Answer:
To determine the number of 4-digit numbers that are multiples of at least one of the numbers 2 and 5, we can use the principle of inclusion-exclusion.
First, let's find the number of 4-digit numbers that are multiples of 2. The first 4-digit multiple of 2 is 1000, and the last 4-digit multiple of 2 is 9998. To find the count of multiples, we can divide the difference between these two numbers by 2 and add 1 (since we're including both endpoints):
Number of multiples of 2 = (9998 - 1000) / 2 + 1 = 4500
Next, let's find the number of 4-digit numbers that are multiples of 5. The first 4-digit multiple of 5 is 1000, and the last 4-digit multiple of 5 is 9995. Similar to before, we divide the difference between these two numbers by 5 and add 1:
Number of multiples of 5 = (9995 - 1000) / 5 + 1 = 1800
However, if we simply add these two counts together, we will be counting the multiples of 10 twice (since 10 is a multiple of both 2 and 5). To correct this, we need to subtract the number of 4-digit multiples of 10.

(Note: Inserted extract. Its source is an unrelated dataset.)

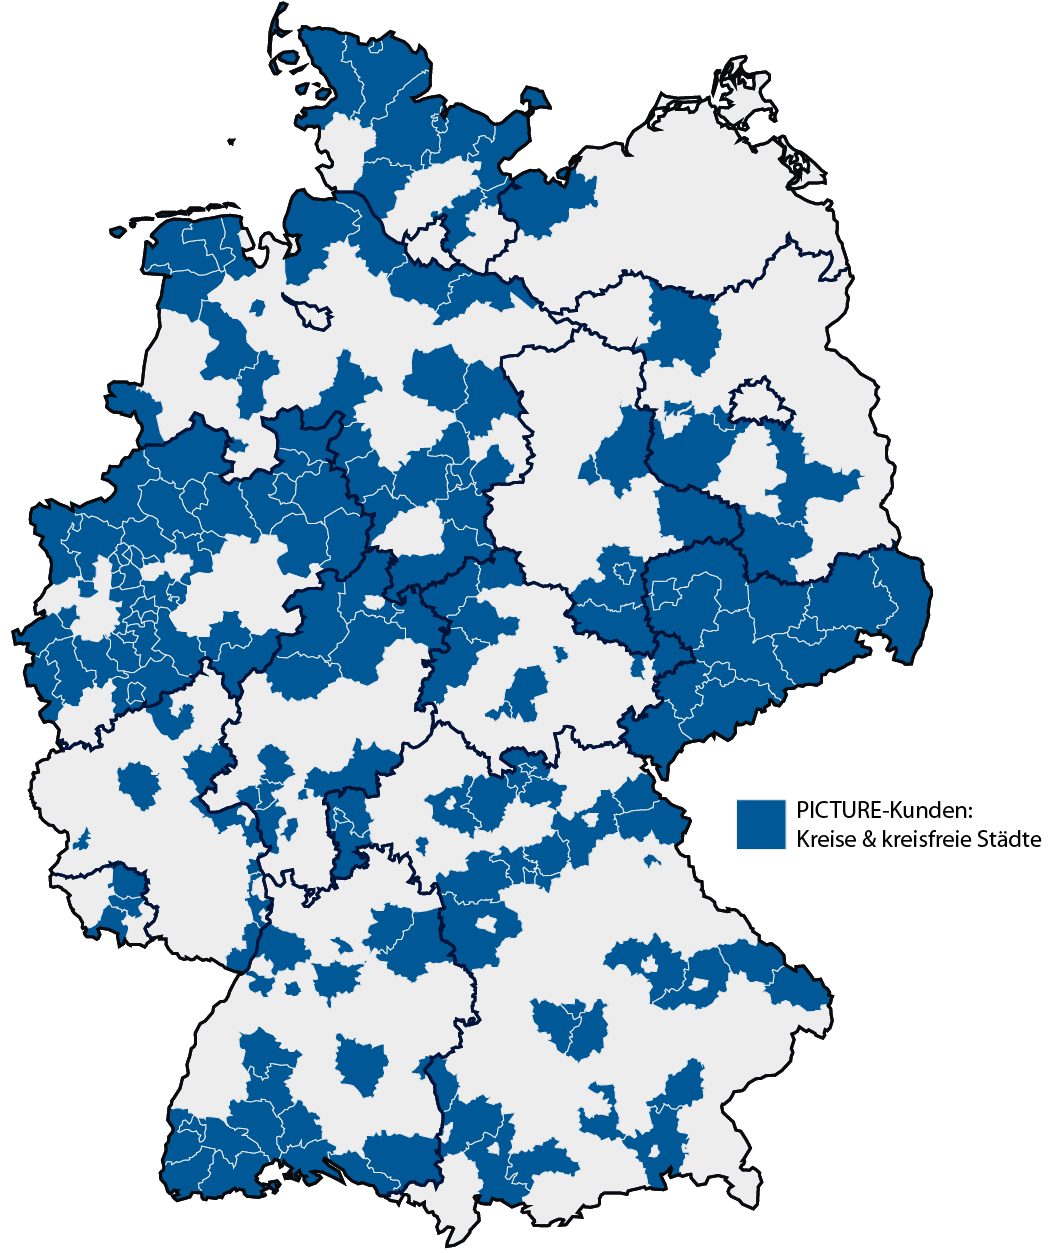 Deutschlandkarte, auf der alle Landkreise und kreisfreie markiert sind, die Kunden von PICTURE sind.

To find the number of 4-digit multiples of 10, we divide the difference between the first and last 4-digit multiples of 10 (1000 and 9990) by 10 and add 1:
Number of multiples of 10 = (9990 - 1000) / 10 + 1 = 900
Now we can use the principle of inclusion-exclusion to calculate the final count:
Number of 4-digit numbers that are multiples of at least one of 2 or 5 = Number of multiples of 2 + Number of multiples of 5 - Number of multiples of 10
= 4500 + 1800 - 900 = 5400
Therefore, there are 5400 4-digit numbers that are multiples of at least one of the numbers 2 and 5.